#### Problem to work on:
Please set down exactly the lines from the one that contains "Camo Army Shorts" through the end of the material, leaving out every picture.

#### Supplied material:
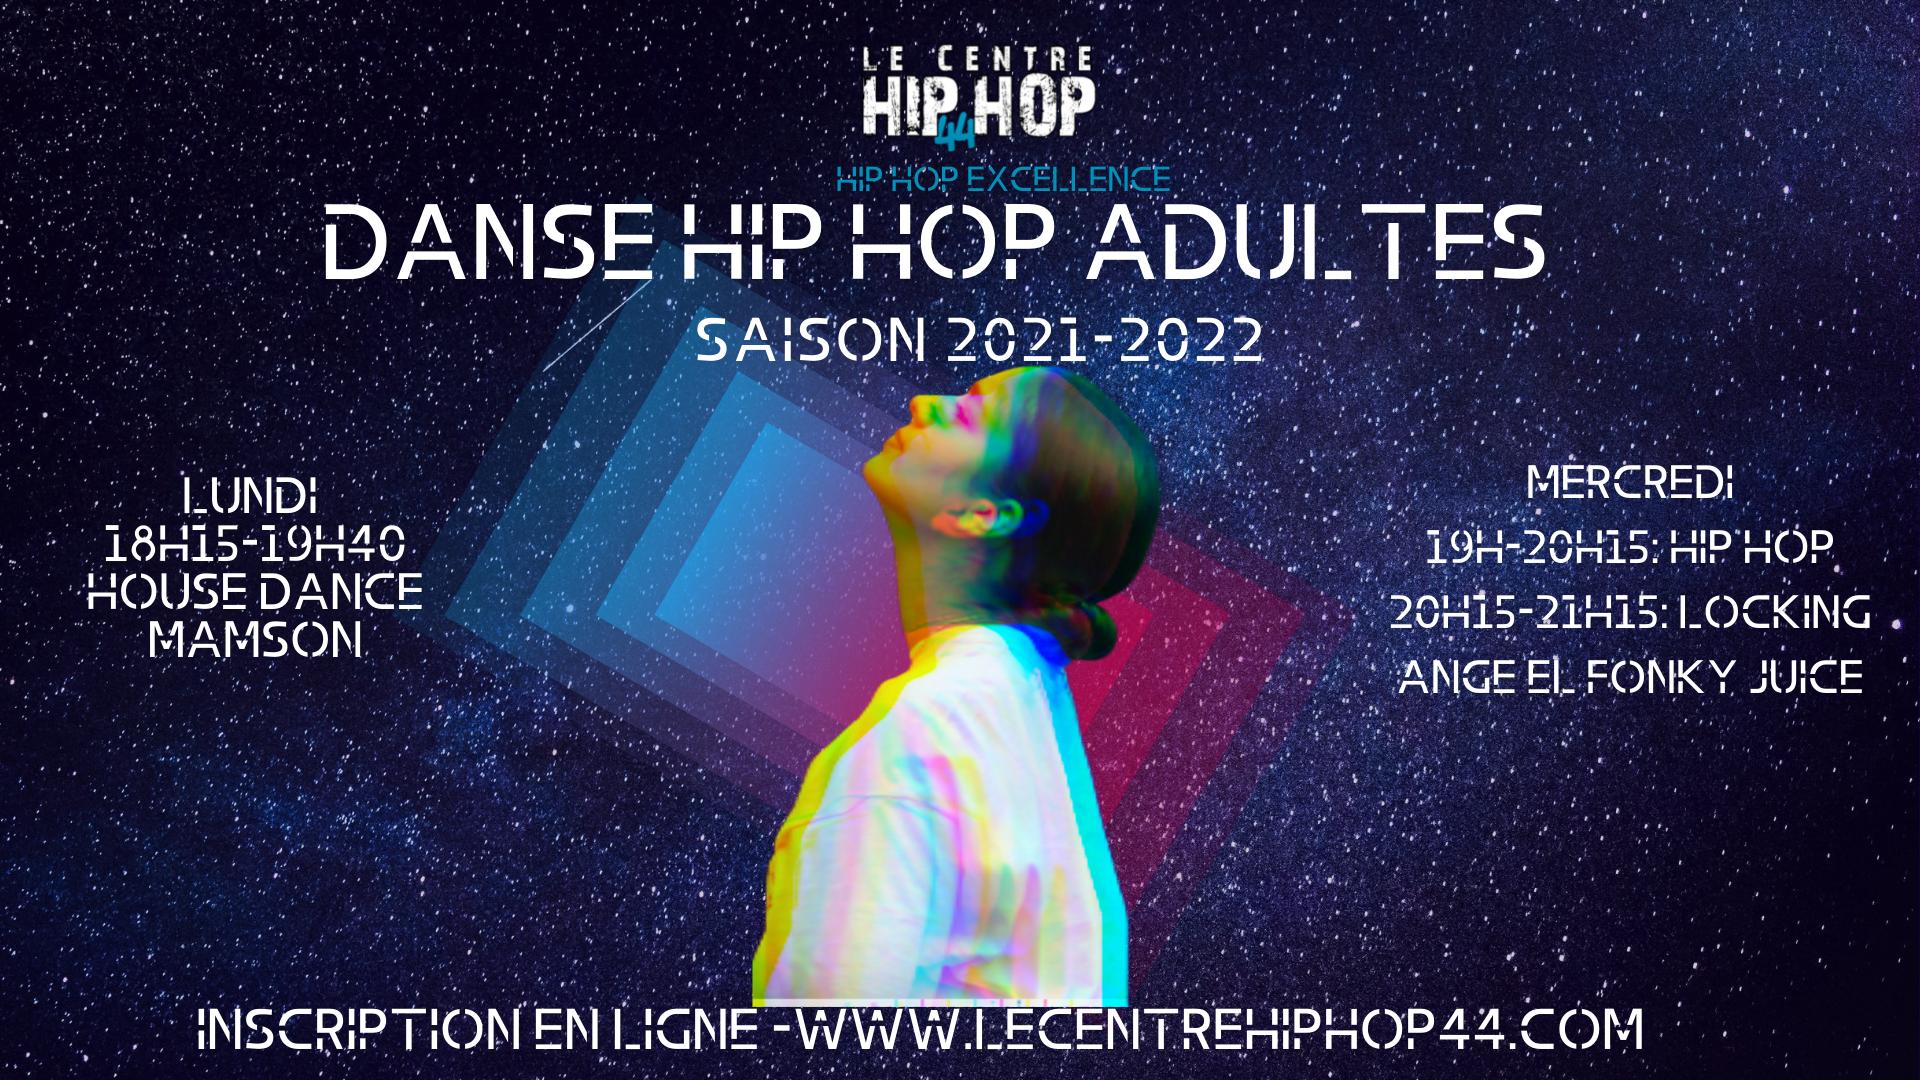 Découvrez le centre hip hop 44
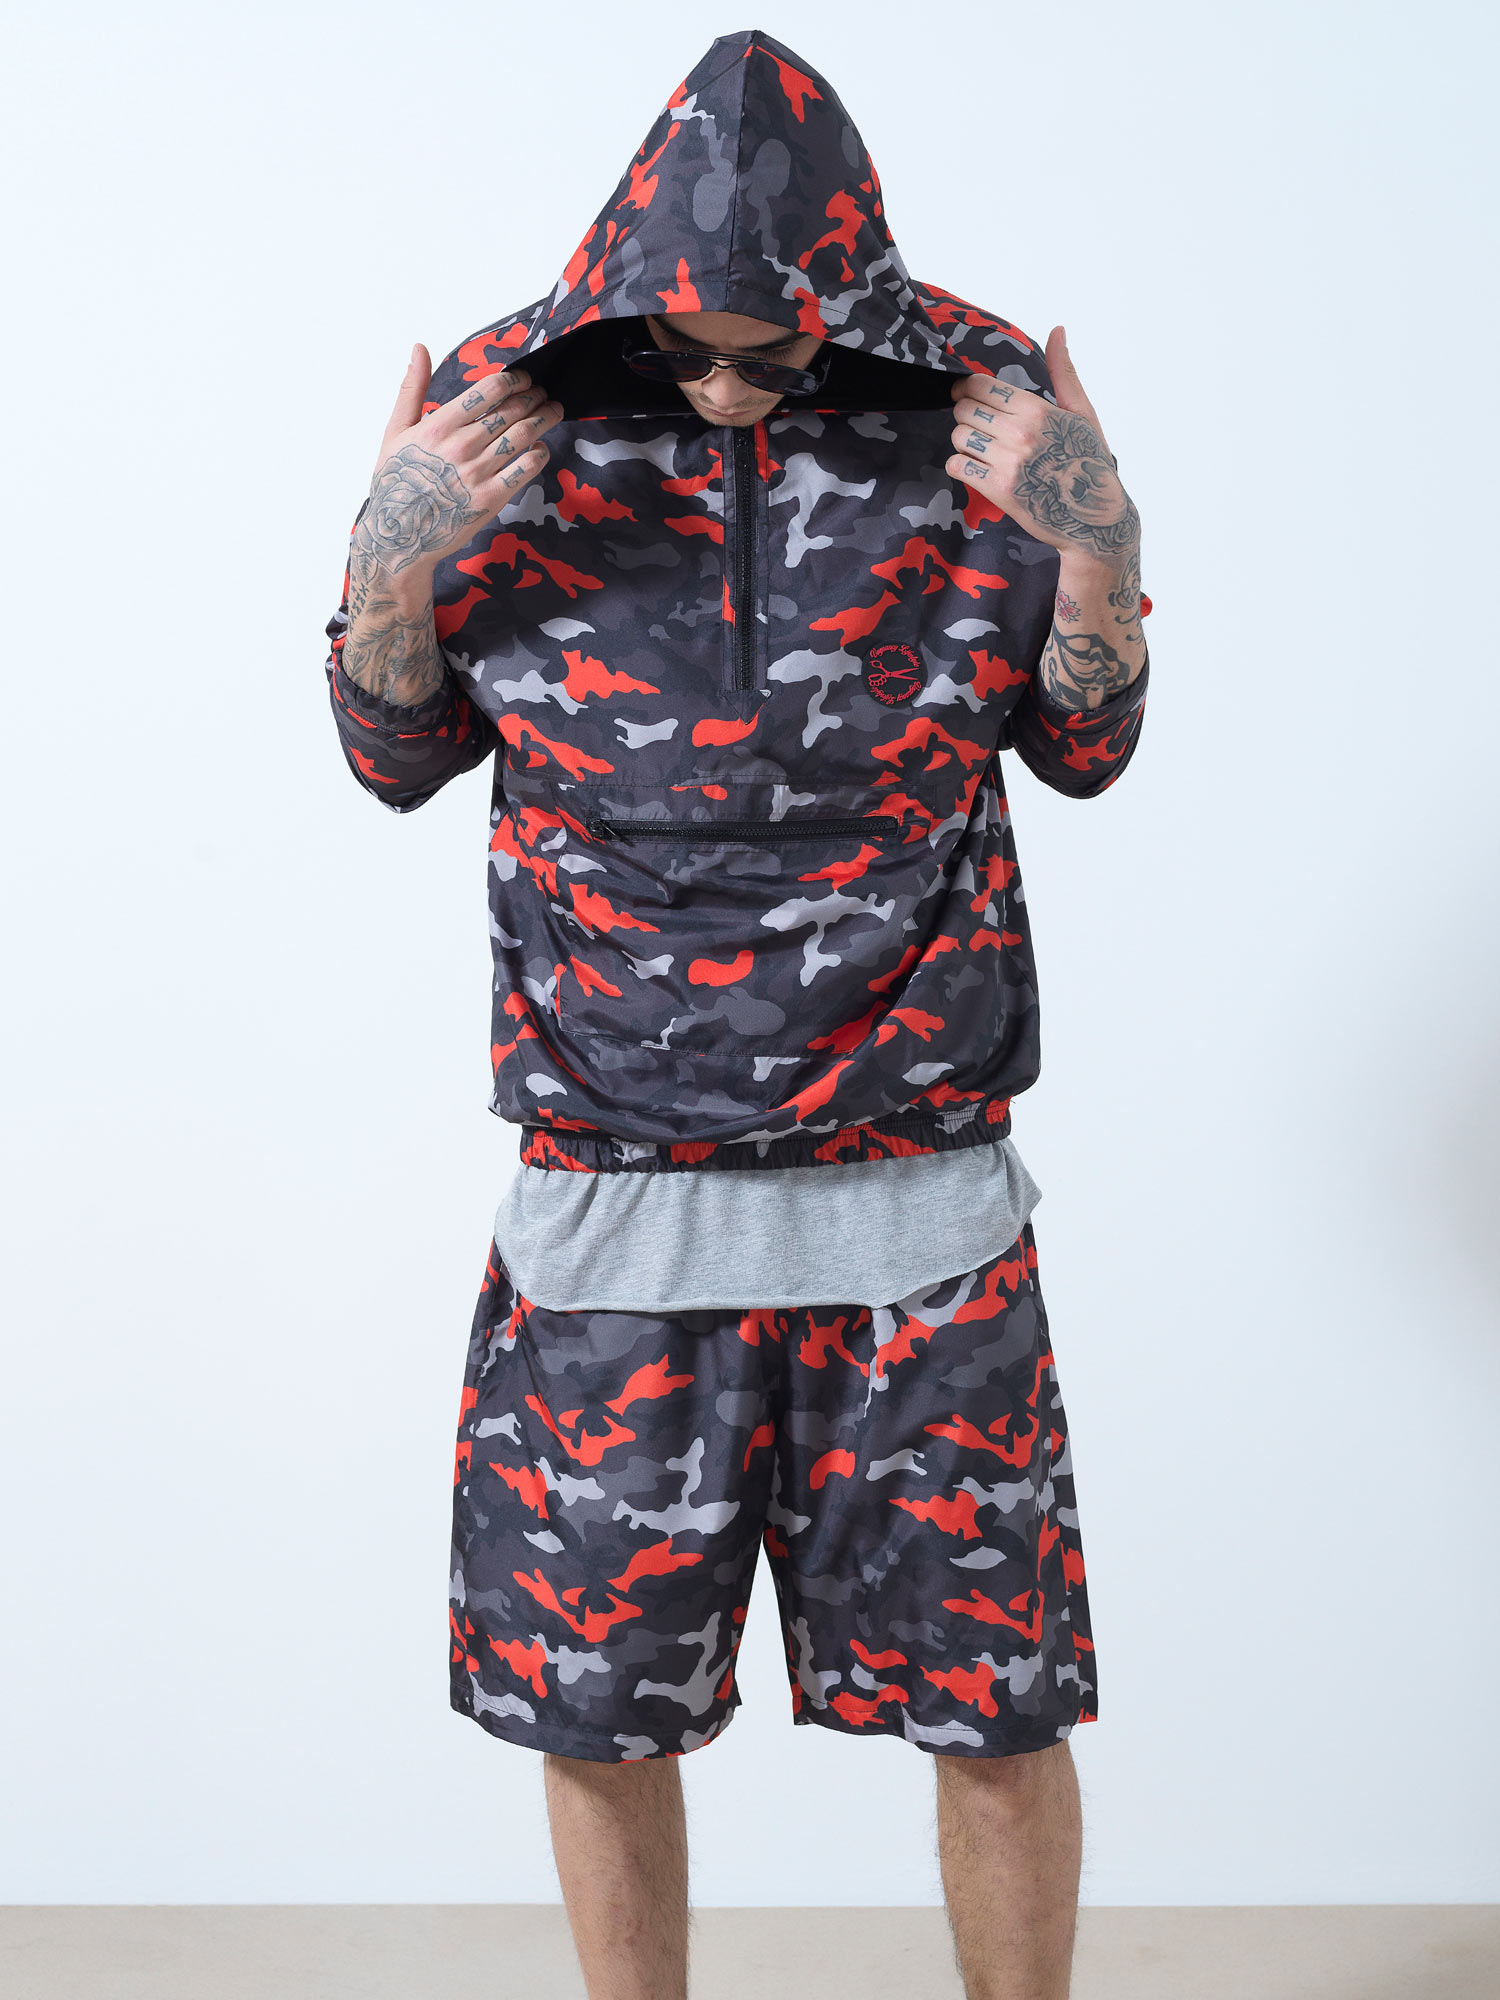 Camo Army Shorts
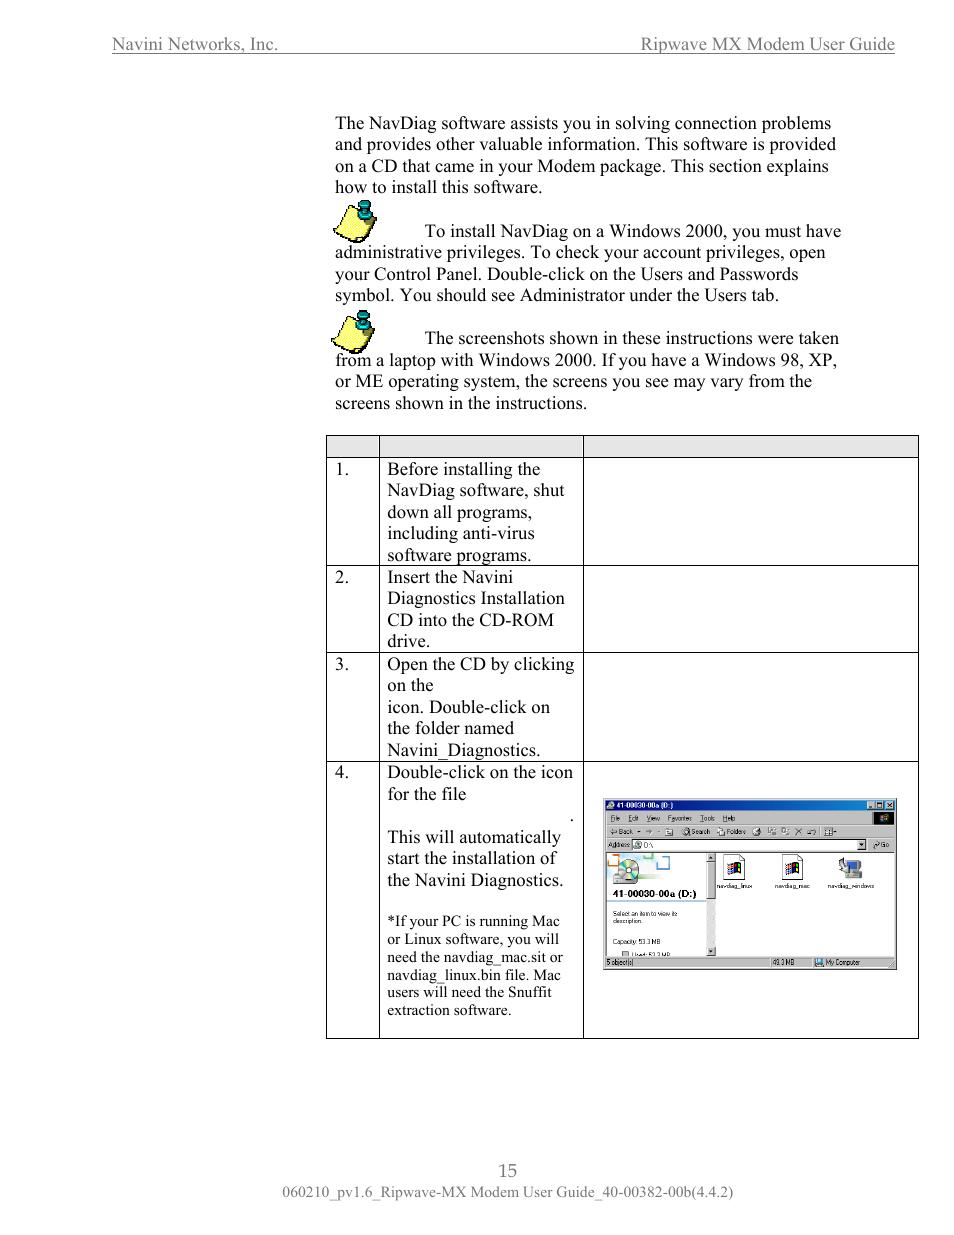 Installing navi diagnosti ni cs navdiag) | Navini Networks Ripwave

#### Task solution:
 Camo Army Shorts
 Installing navi diagnosti ni cs navdiag) | Navini Networks Ripwave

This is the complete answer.